Facciamo un piccolo esercizio di fanta-scienza e proviamo a intuire il rapporto, finora non riconosciuto, fra i pennuti abitanti dei boschi e boschi stessi…
L’ipotesi: il canto degli uccelli come forma di nutrimento per le piante
Potrebbe prendere corpo un’ipotesi tanto suggestiva quanto rivoluzionaria: il canto degli uccelli, assieme ad altre frequenze naturali, come forma di nutrimento di boschi e foreste. Un nutrimento fatto di suoni e armoniche non sempre udibili al nostro orecchio. Un “cibo” sonoro che esplica la propria azione attraverso il fenomeno della risonanza (facendo “vibrare” alcune parti delle piante stesse), per cavitazione (generando “bolle” che hanno effetti fisici sui fluidi) o inducendo, in qualche modo, un’attivazione cellulare. Potrebbe esistere – è la domanda – un bosco con uccellini afoni?
Alcuni studi sul rapporto fra suoni e piante
Non ancora ecplicitata, quest’ipotesi sembra lì-lì per uscire e fonda le sue radici (è proprio il caso di dirlo) in una serie di ricerche che partono dal lavoro di Weinberger [si veda per esempio qui, qui, qui, qui, e qui] che ha dato il LA, ufficialmente, a una serie di studi che nel 2009 sfociano nella dissertazione di Elizabeth Derryberry sul rapporto fra modifiche nel canto degli uccelli (la Derryberry confronta il canto degli uccelli registrato negli anni Settanta dall’ornitologo Luis Baptista, con le “melodie” degli anni Duemila) e cambiamenti nella vegetazione.
A dirla tutta la prima esperienza degna di nota è databile fra fine Ottocento e inizio Novecento, quando il geniale Jagadish Chandra Bose inventò il “crescografo”, che grazie alla capacità di ingrandire 10.000.000 di volte i tessuti vegetali mostrava “live” la crescita dei tessuti vegetali e anche la reazione a stimoli sonori.
L’influenza del suono sulla crescita delle piante è ormai cosa assodata e si è indagato anche sull’influenza di suoni particolari come i canti rituali. Fra le varie conclusioni il fatto che l’effetto del suono si esplica soprattutto nelle primissime fasi di vita della piante, constatazione che posso ribadire personalmente, in base alle esperienze che ho condotto sugli effetti di campane tibetane e voce sulla crescita delle piante.
Joel Sternheimer è probabilmente il nome più noto di questa particolare branca di studi, con il suo metodo basato su scale musicali che stimolano o inibiscono la biosintesi di proteine nelle piante. I suoni – in pratica – influenzano il DNA e con la musica giusta è possibile determinare la sintesi proteica.
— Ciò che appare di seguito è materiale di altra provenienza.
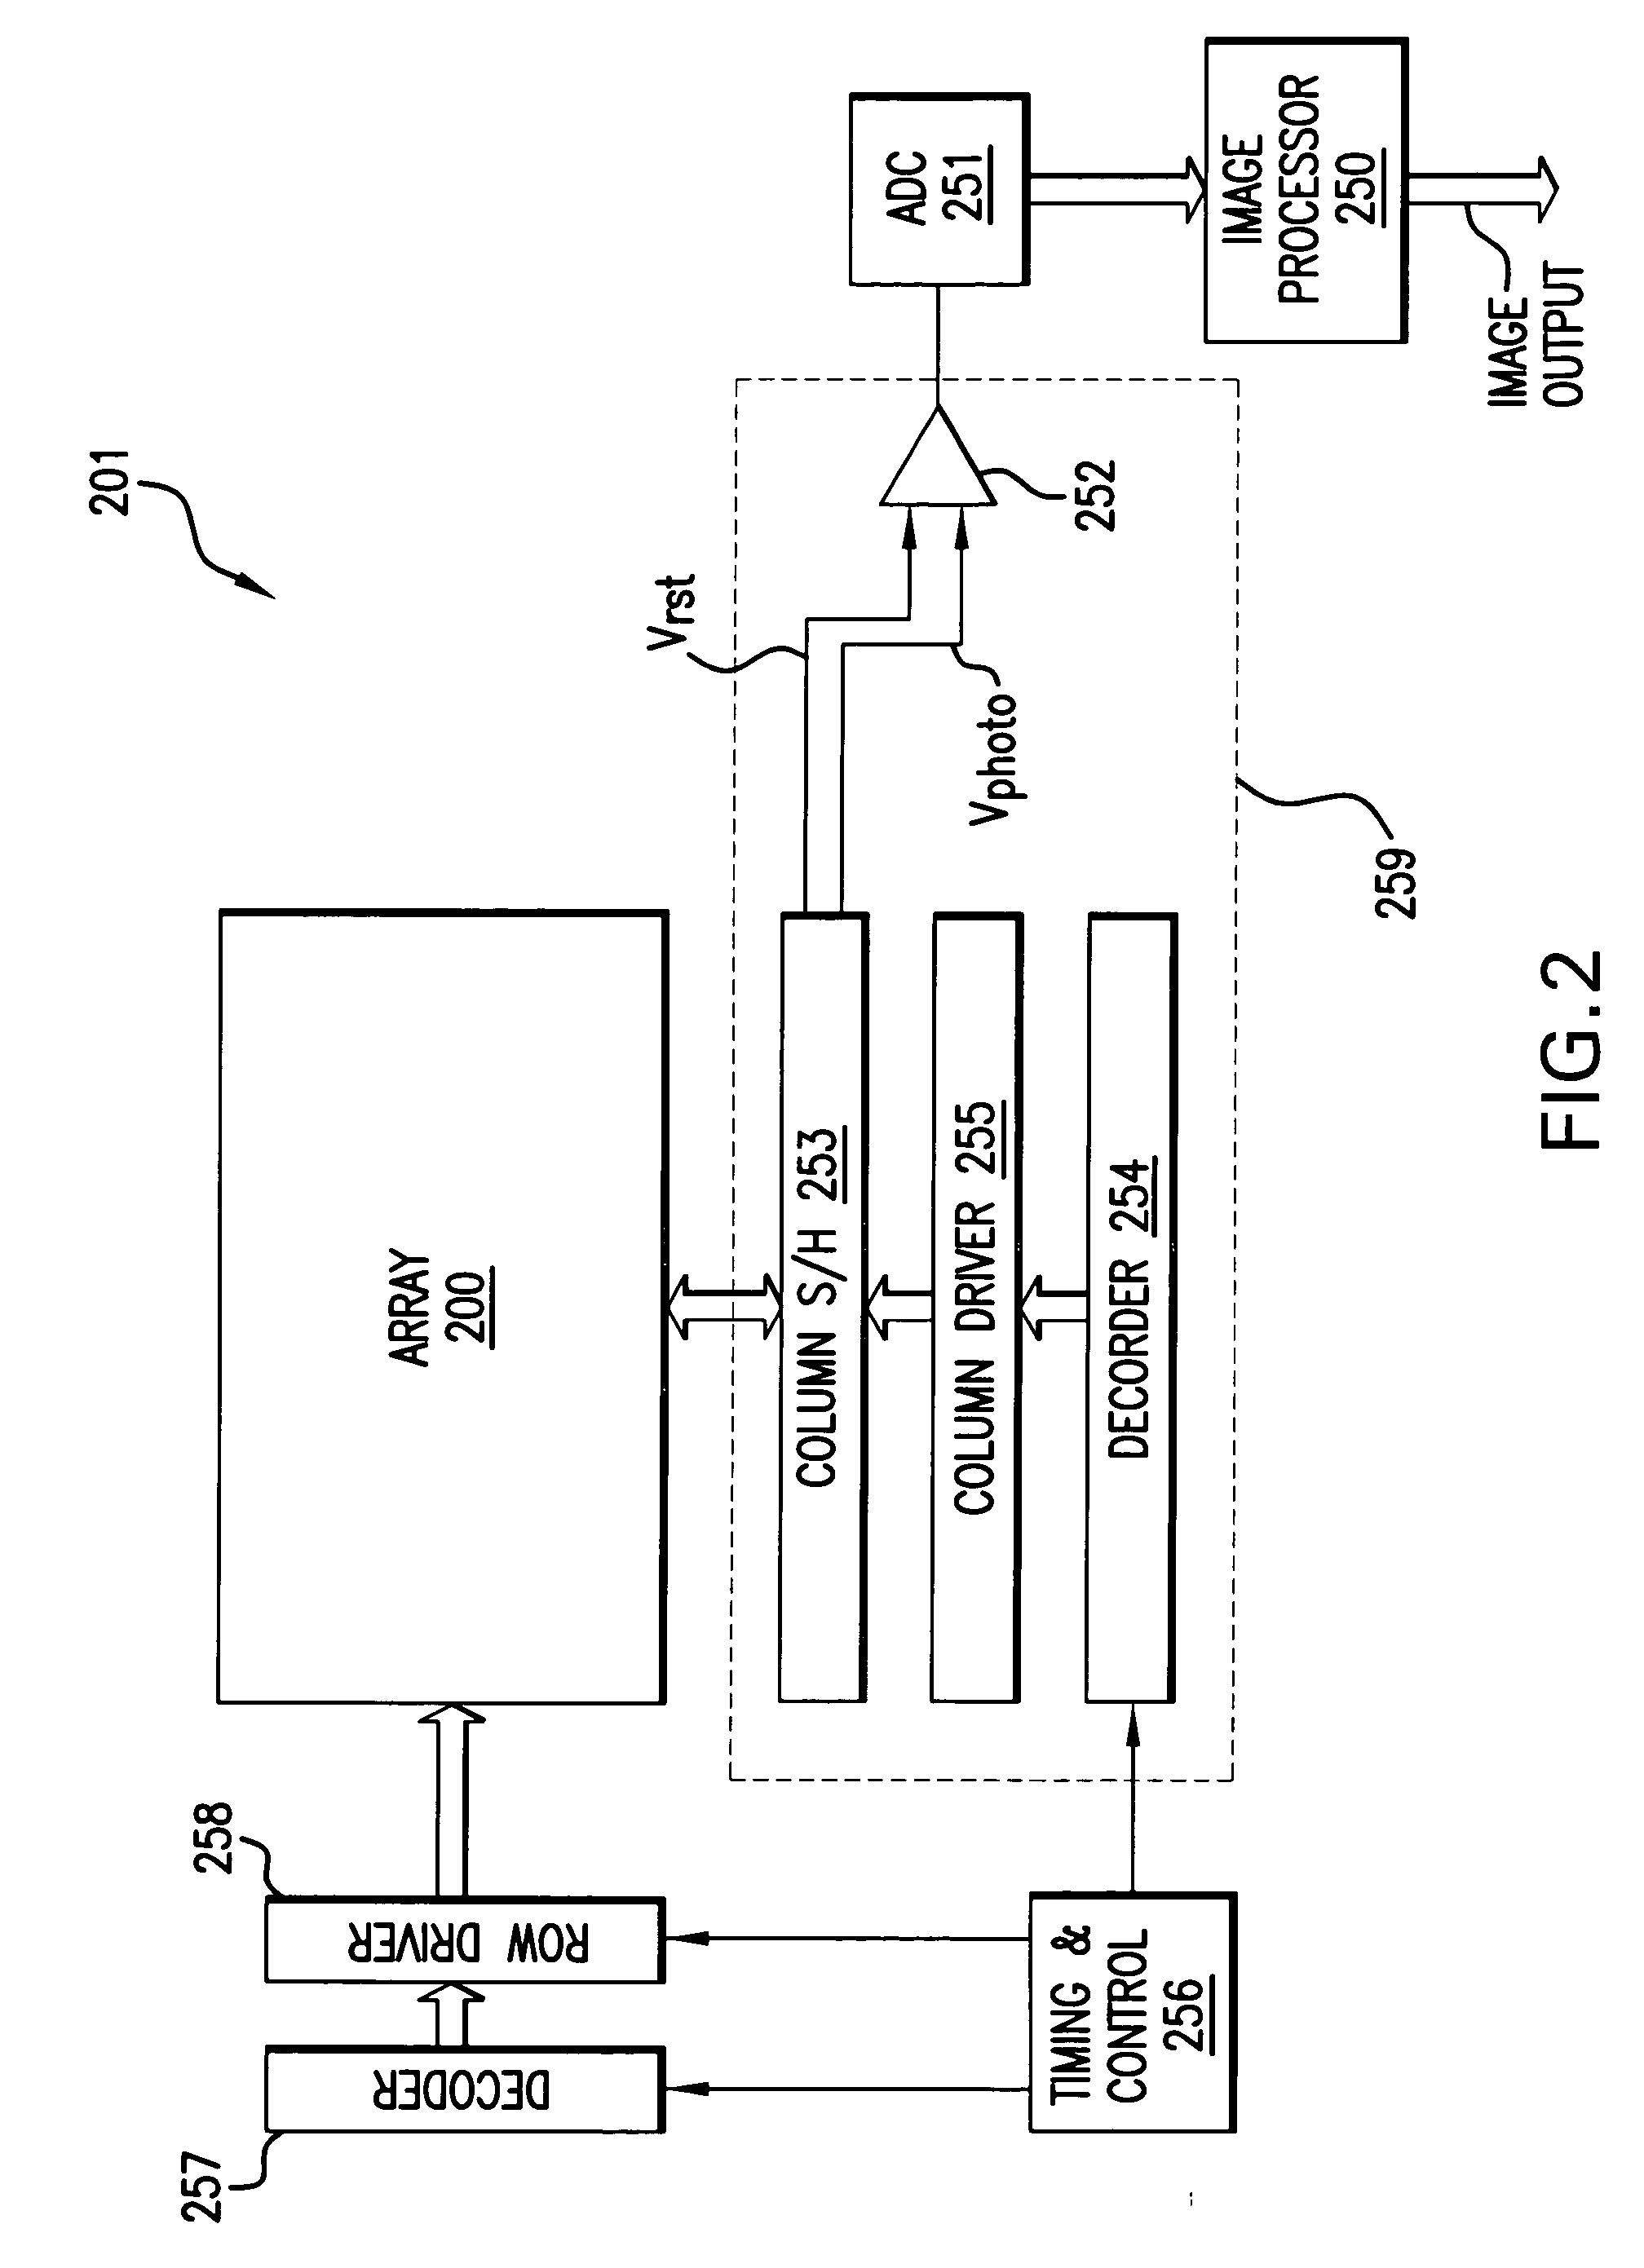 Wide dynamic range operations for imaging

Altro caso interessante è quello del “Paradiso di Frassina” azienda che ha brevettato un sistema per sottoporre le viti a un trattamento sonoro che migliora salute delle piante e bontà del vino.
I suoni della natura guidano le “azioni” delle piante?
Torniamo però all’ipotesi, anzi, alla suggestione iniziale: e se il cinguettio degli uccelli fosse uno dei nutrimenti delle piante? Beh, nel 2014 H. M. Appel e R. B. Cocroft hanno scoperto che l’Arabidopsis thaliana è in grado di individuare fra tutti i suoni dell’ambiente, quello prodotto da un bruco, un predatore, e dare avvio alla produzione di olii essenziali tossici. Se dobbiamo seguire l’intuito (e la logica) possiamo tranquillamente procedere per passi e affermare che quasi sicuramente il canto degli uccelli è uno dei nutrimenti di quell’ecosistema complesso e affascinante che sono i boschi. La scienza dirà se si tratta di una fantasia, intanto però aprire la mente è già un grande passo per poter comprendere fenomeni così difficili da cogliere con un approccio analitico.
Oltre la biochimica?
Siamo un po’ inquinati (mentalmente) da un approccio biochimico, è biochimica la medicina “convenzionale”, è biochimica la nostra visione del mondo. Ma esiste anche un approccio biofisico che dobbiamo riconsiderare, il suono degli uccelli, come parte del tutto che è il bosco, ha sicuramente un’influenza sulle piante. Forse proprio una sorta di nutrimento, al pari della chimica dell’ambiente.
Allora usciamo, camminiamo per boschi e prati e lasciamoci ri-sintonizzare dai suoni della natura.